Chapter 60:

Island Operation (Part VIII)

Skyliner or 1954


But returning to my dark interests, it was thanks to the precisely planned action that well before six already four of the six packages from that day had made their way to Nowobogacky. 

Despite the goods being of the best quality, Nowobogacky checked everything scrupulously and counted it. Then he paid me out in five hundreds twenty four thousand. Even though this was scarcely a fourth of the needed sum, I felt that now everything should be easy riding. 

When he asked when I would bring more, I said tomorrow morning. Then of course came the pool and the hour long swim. At the pool someone always asked me what about the army, and I told them that no summons had come yet, and almost everyone sympathetically answered that definitely nothing good would come of this.

The next morning the telephone awoke us.
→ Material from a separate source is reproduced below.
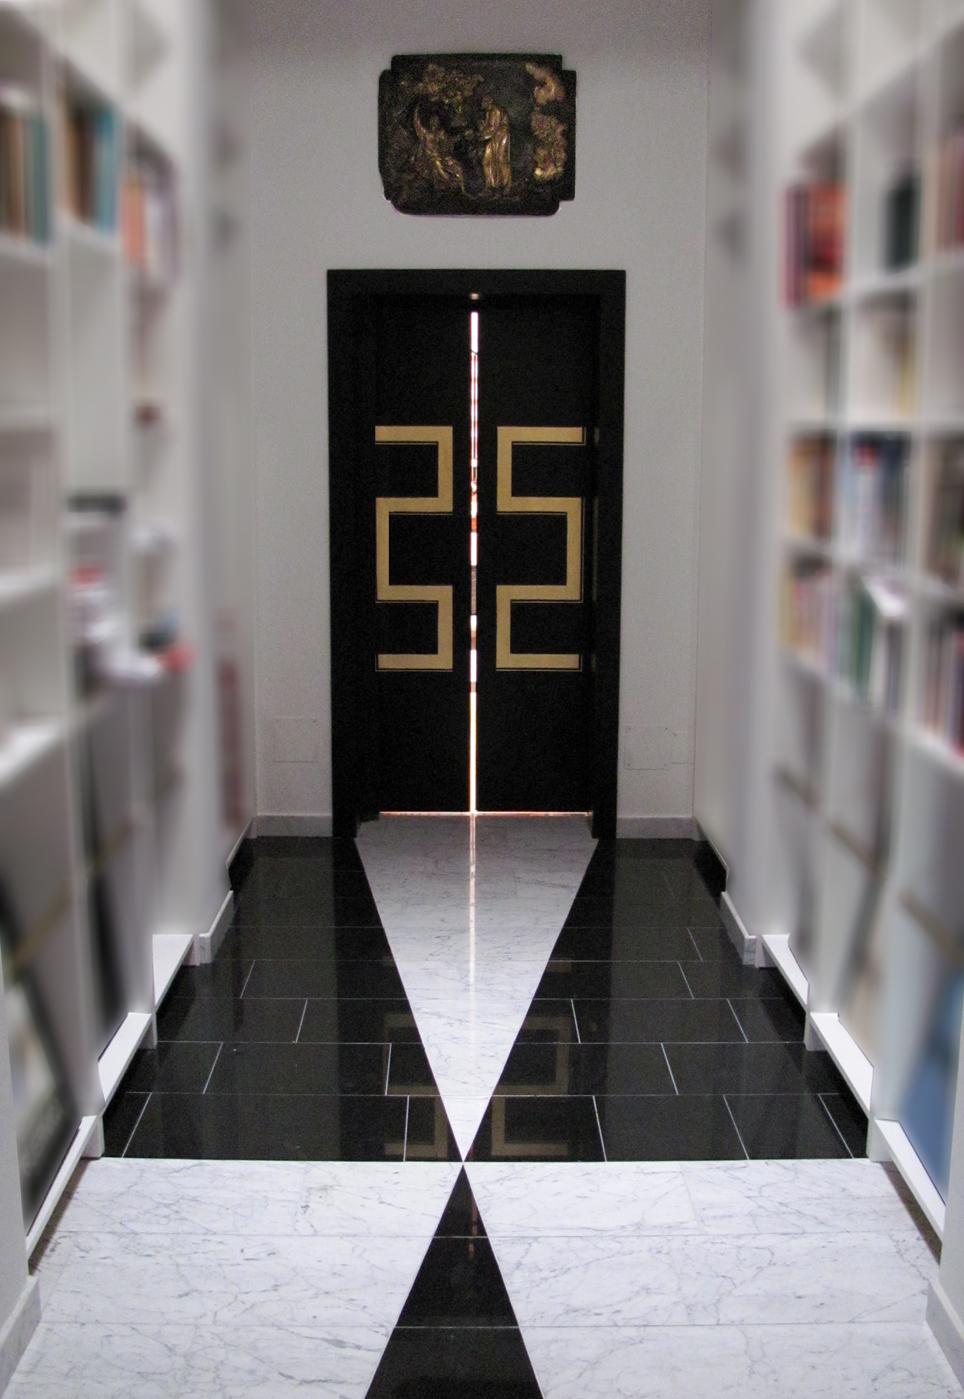 … Octagon Bibliothek …

At the beginning I couldn’t orient myself who it was, but when he began to address me as his benefactor, I immediately remembered the previous day’s good work. 

The advocate, declaring without interruption his sincere gratitude, informed me that the wonderful shoes which saved his day were ready to pick up at the hotel concierge. It was only necessary to say that they were from the patron of the Hares. He apologized profusely that he could not return them any other way. 

He also wanted to inform us that as soon as the court case he was involved in was finished he would invite us to dinner, but that he would telephone again first. Around nine I left Bronco at home, asking him to go to the bridge by himself, because at one thirty he will have to recover the first take. 

I made my way to the station to pick up the two packages deposited yesterday by Bronco, take them to Nowobogacky’s establishment, eventually collect twelve thousand, and later, if time allowed, have coffee at Bławat’s, because just after twelve awaited me almost four hours of hard and precise work at Vania’s. 

But before this I decided also to visit a certain publication.

There were two newspapers in town. From an ideological standpoint they were both declared mouthpieces of the regime. They represented mainly Soviet interests and went about explaining the supreme role of the party. 

However, despite being one hundred percent committed to the case of communism, one of them, who knows why, had the opinion of a newspaper apparently more liberal. 

Maybe this opinion came from this, that in addition to the fascinating information from the fronts of building socialism in the country, of building communism in the Soyuz and of the total battle with Anglo-American imperialism, the newspaper held something like an about town section, where in addition to local gossip most often from the sphere of interconnected Stachanowieces, advisers and frontrunners of labor, they printed, with certain deliberate omissions, obituaries and even various other announcements. 

Because in this rag they often ran my illustrations, and beyond that two of my colleagues from the club worked there, I did not walk in blindly. 

The fruit of my short visit was that the next day there would appear an announcement saying the following: “Buying an automobile. Best to telephone from 9 to 11 in the evening” – with my telephone number. 

As for a car, mainly because of my plans for swift escape, I had not the least intention of owning one. However I very much needed some decent and working vehicle to peacefully deliver the cork to Nowobogacky. 

I could not have the two of us me and Bronco constantly running around town and the station storage with suspicious looking, always identical, large packages. I knew that the exploits would last another some ten days, and maybe even two weeks, and without normal transportation this work would be very uncomfortable, tiring, dangerous—wildly risky. 

I thought it through precisely and decided to do it this way: if I were to get some offer, during the conversation about purchase I would suggest that I pay a fifty percent advance, but that I needed to have the vehicle for some four or five hours, because twelve kilometers from here I had a trusted mechanic, with whom I had arranged to have the car inspected. 

If after this inspection I decided to buy, I would pay the second fifty percent, and if not, then I return the automobile and take back the advance. My club colleague who worked there made a dozen or so copies of this kind of a contract for eventual signature. 

He worked there in layout, a guy holding the very strange name of Ewaryst Elimer. 

The two packages from the station I took to Nowobogacky, and I told Bławat that I was finalizing the matter and waiting only for the summons to the commission on the EXTRA term, in any case the money I really almost had already.